Человек замечает все это, а сам продолжает думать. В некотором, хорошо знакомом смысле очень удачно, что все настолько потеряно. Настолько пропало. Ему больше не нужно рассуждать как князю и полководцу – за ним никого нет. Перед ним тоже никого и ничего нет, будущее в любом случае пусто. Остается только настоящее и то, что можно сделать в нем. Только личные обязательства.

Письмо, если вдуматься, не такая уж опасность. Правда – это то, что люди хотят видеть правдой. А Хидэёри-незаконорожденный выгоден только дому Токугава. Все остальные предпочли бы видеть мальчика наследником, потому что при нем у них есть шанс выдвинуться, какого не будет при Хидэтаде.

Выгоден дому Токугава и еще почему-то выгоден Датэ. До причин сейчас не доищешься, выдумывать их от себя не стоит, да они и не важны. Хидэтада не только молод – он не ровня своему отцу: если выбить подпорку, долго ли продержится?

Можно ли ее выбить?

Можно попробовать.

У людей плохая память, даже у лучших. Если ты любишь цифры, а не кровь, если как полководец ты предпочитаешь воевать на бумаге, о тебе начинают думать странные вещи. Не вспоминая, что после боя головы адъютантов и личных гонцов недаром оценивают в пять, а то и в десять раз выше прочих. Потому что трудно добыть. И берут в адъютанты и личные гонцы людей, которые довезут приказ, привезут сведения, доедут живыми.

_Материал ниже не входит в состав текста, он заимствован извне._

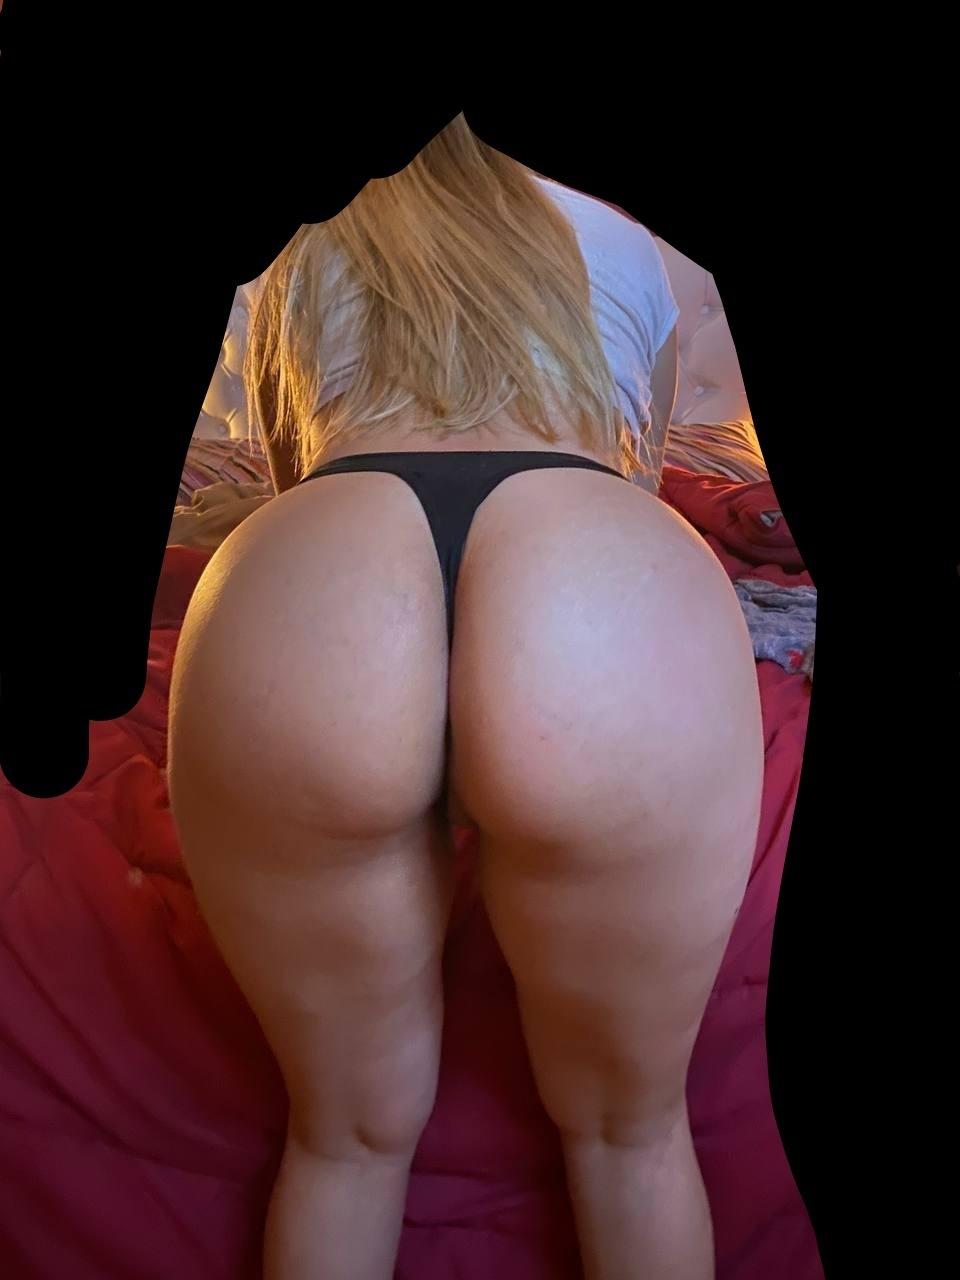 fotos culazos, mujeres con culos bonitos, fotos caseras culos en tanga
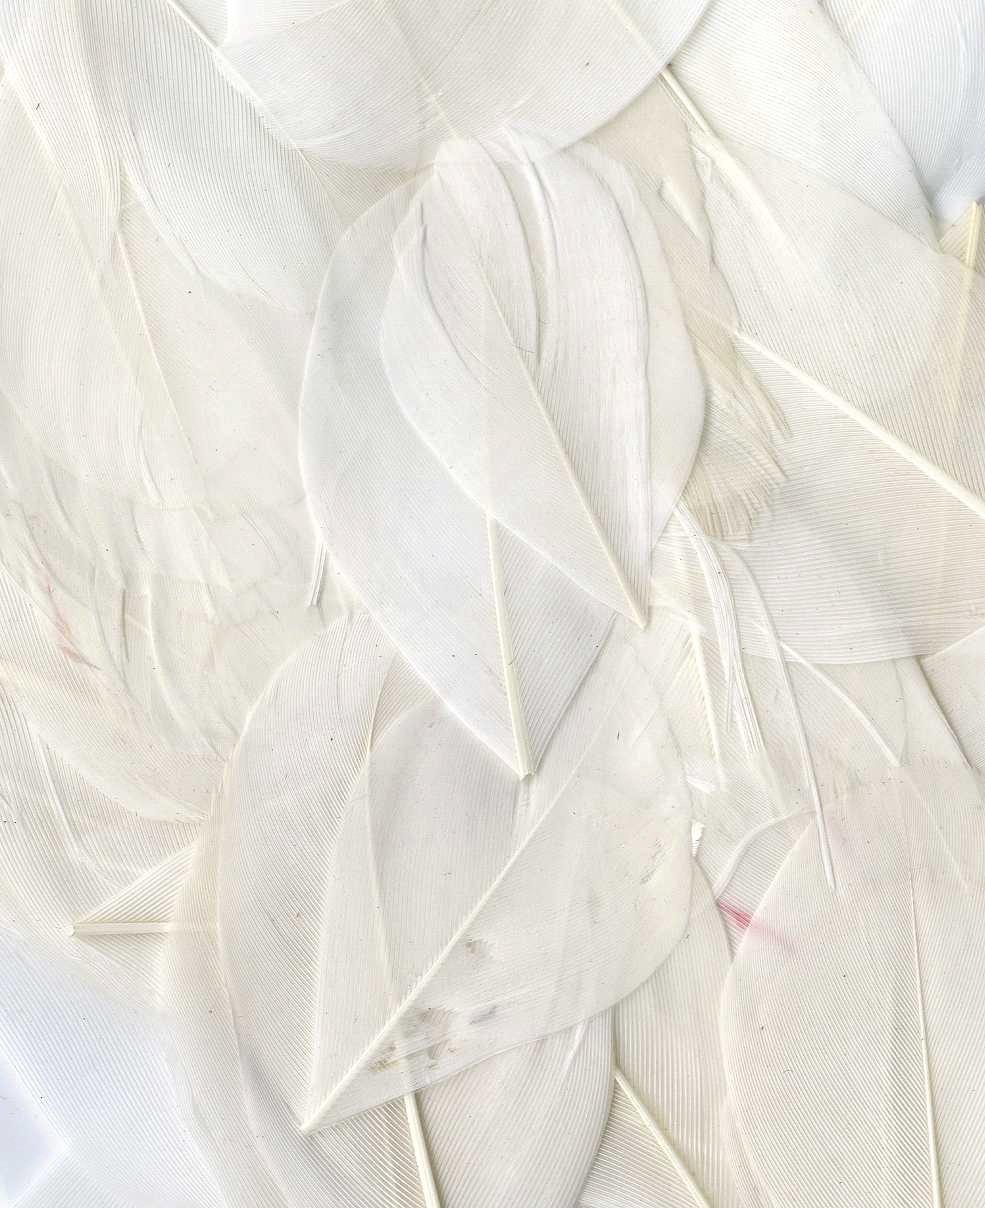 Artemio 3 g Smooth Feathers, White 13030034

В каком угодно случае, хоть наискосок через поле боя, хоть через шестое небо. Люди забыли, кем паренек по имени Сакити начинал при генерале, тогда еще носившем фамилию Хасиба, а не Тоётоми. И эта плохая память теперь может сослужить хорошую службу.

– Все это тоже не очень важно, – констатирует человек. – Кем бы ни был отец мальчика, великий господин регент назвал его наследником. И вы все поклялись служить ему.

– Хорошо звучит, – соглашается враг. – Жаль, что ваш господин регент не решился признать, что кровный отец – не он. И что вместо того, чтобы усыновить ребенка по правилам, просто обманул всех, от кого требовал клятвы. Так что теперь они с чистой душой скажут, что присяга невесть кому не считается. – Он чуть склоняет голову набок. – Должно быть, обидно проиграть войну из-за старческого тщеславия, Исида-доно?

Это предлог. И повод. И… Человек вскидывается, потом оседает назад, будто понимая, что ноги не удержат, дожидается полуслышного движения воздуха – тень у двери решила, что угрозы нет, и снова расслабилась – и в следующий момент летит – через столик, вперед. Да, на семь лет старше. Да, устал, вымотан, не спал, несколько недель очень мало ел… Но зато и приказ никуда доставлять не надо. Достаточно просто убить врага. Впрочем, человек не думает, пока летит. Он в бою вообще не думает, не успевает. Но той, прежней памятью знает: при толике везения убить он сможет. Противник тоже ранен – или болен. Но главное – у него просто нет тех навыков. Они не нужны кавалерийскому командиру, даже если он привык стоять на острие прорыва, даже если он для своей армии – оружие последнего шанса. Ему неоткуда их взять…

И правда. Неоткуда.

Человек приходит в себя от того, что кто-то очень осторожно протирает его лицо мокрым горячим полотенцем. Голова, которая, по идее, должна бы очень болеть, не болит совсем – просто ощущается внутри как масса трубчатого заморского стекла, пронизанного светом.

Он открывает глаза, смотрит мимо пажа на темную тень впереди, – кажется, в неприятной мере целую.

– Мы были совсем не одни. – поясняет враг. – Шаг для вас естественный, выгодный, я бы на вашем месте попробовал обязательно, значит, и вы должны были. Тем более что вы не знали, сколько у вас есть времени. Будете спать или еще чаю?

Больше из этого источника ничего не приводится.